Although it might be a tedious task, read carefully through Google’s data privacy and contractual clauses. This way you will be aware of document risks associated with data storage and transfer and will be prepared if something happens.
Using Google Drive in a transparent way
If your company is using Google Drive to store any customer data, you should communicate this to your customers in a transparent way. If your company is offering its services in the EU, they also need to be aware of the GDPR regulations, which have an impact on how your company should use Google Drive.
Below we’ve listed the most important points to follow when collecting or storing any data from EU citizens. However, in order to operate in a transparent manner, we recommend you follow them for your U.S. customers as well:
- Allow the user to opt in or refuse essential and non-essential cookies.
- Create an order processing contract with Google to clarify the following questions:
- What personal data is passed on to Google?
- Why is the data being passed on?
- How long will data be stored by Google?
- What rights and obligations are Google and the company subject to?
- Why is Google Drive used to store data?
- What is the legal basis for data storage and data sharing?
- How can users object to the collection and storage of data?

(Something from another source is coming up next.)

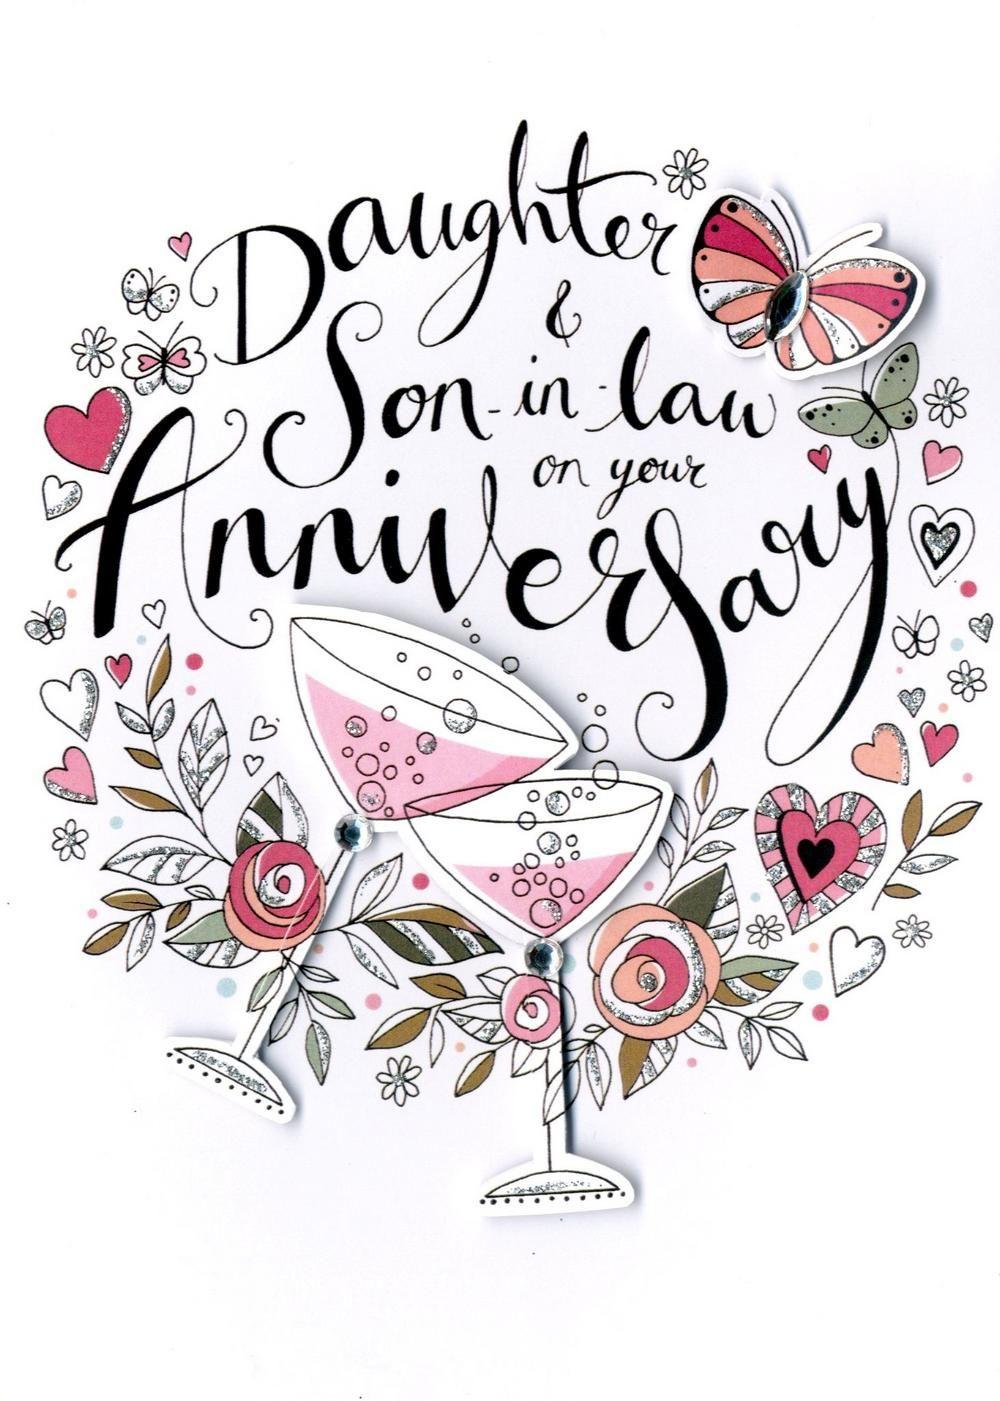 Daughter & SonInLaw Anniversary Card Happy anniversary

What are some alternatives to Google Drive?
If you still have doubts about how secure Google Drive is and are wondering which cloud is the most secure, you should conduct a cloud storage comparison to find the best provider. A comparison will give you the opportunity to evaluate different cloud service providers based on the range of services and security measures offered. If you are looking for a cloud service provider with a robust data protection policy, European cloud providers such as the Swiss pCloud or the German cloud provider IONOS, with its secure HiDrive cloud storage, are good options.